The 'huge' was refered to the 5 Elo but reading it from someone else brings back some relation to it. 5 Elo phhh

Thanks again
Ingo
-
- Posts: 3226
- Joined: Wed May 06, 2009 10:31 pm
- Location: Fuquay-Varina, North Carolina
Re: Houdini 2.0 running for the IPON
drawdist computes (I believe) a maximum likelihood estimate for the drawelo parameter. I do know that the drawelo estimate increases when the percentage of draws increases.
drawelo is used in the following equations, which is Bayeselo's adjustment to the Elo equations:
P(White) = 1/(1+10^((Black Elo - White Elo - Advantage + Drawelo)/400))
P(Black)= 1/(1+10^((White Elo - Black Elo + Advantage + Drawelo)/400))
Which lead to a third equation:
P(Draws) = 1 - P(White) - P(Black)
All in all, it provides additional information for the Elo estimate. For a given number of White wins and Black wins, more draws lead to a smaller estimated Elo difference.

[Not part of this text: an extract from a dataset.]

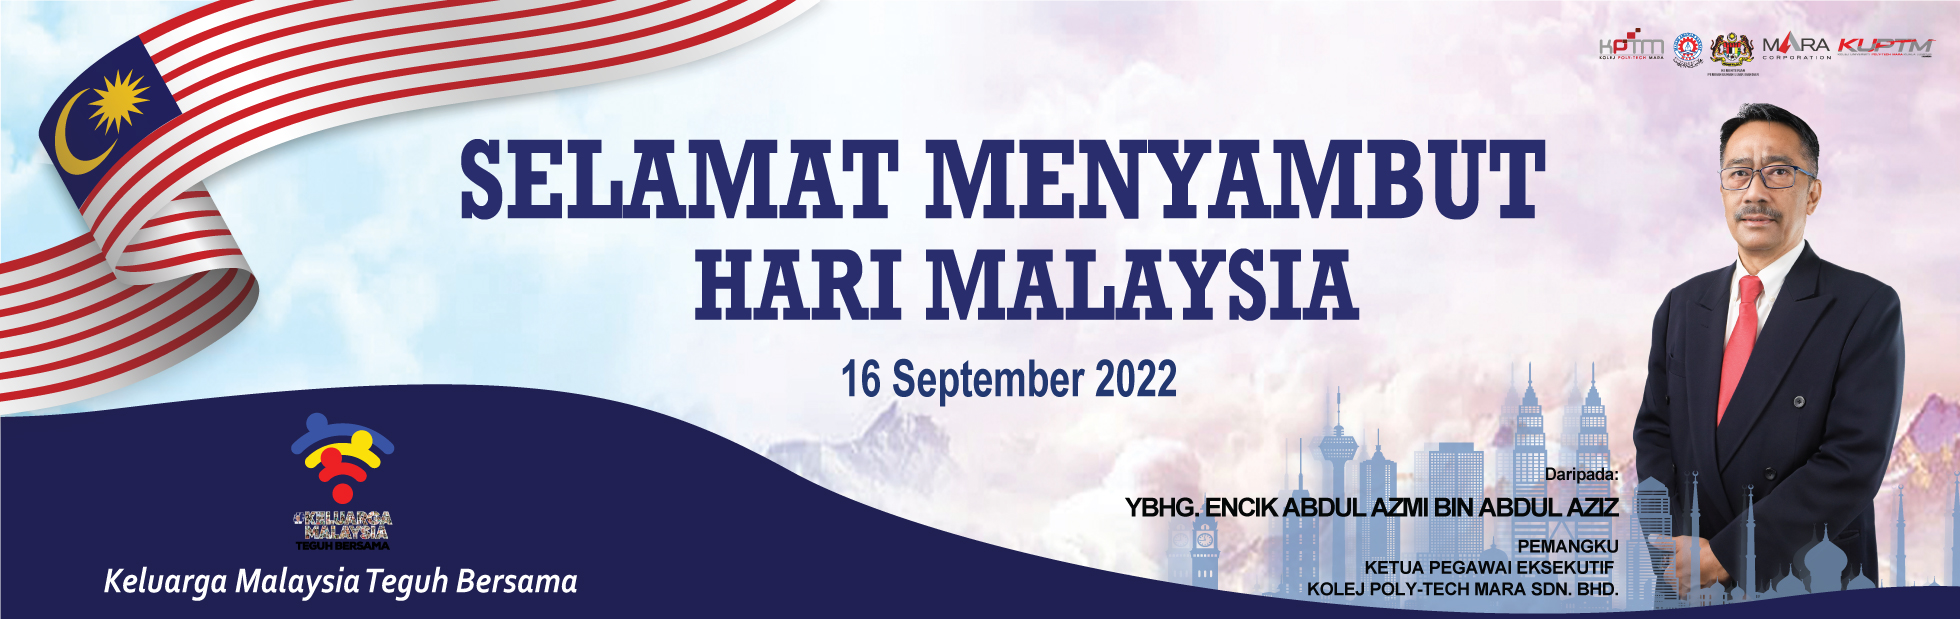 Sambutan Hari Malaysia 2022

drawelo is used in the following equations, which is Bayeselo's adjustment to the Elo equations:
P(White) = 1/(1+10^((Black Elo - White Elo - Advantage + Drawelo)/400))
P(Black)= 1/(1+10^((White Elo - Black Elo + Advantage + Drawelo)/400))
Which lead to a third equation:
P(Draws) = 1 - P(White) - P(Black)
All in all, it provides additional information for the Elo estimate. For a given number of White wins and Black wins, more draws lead to a smaller estimated Elo difference.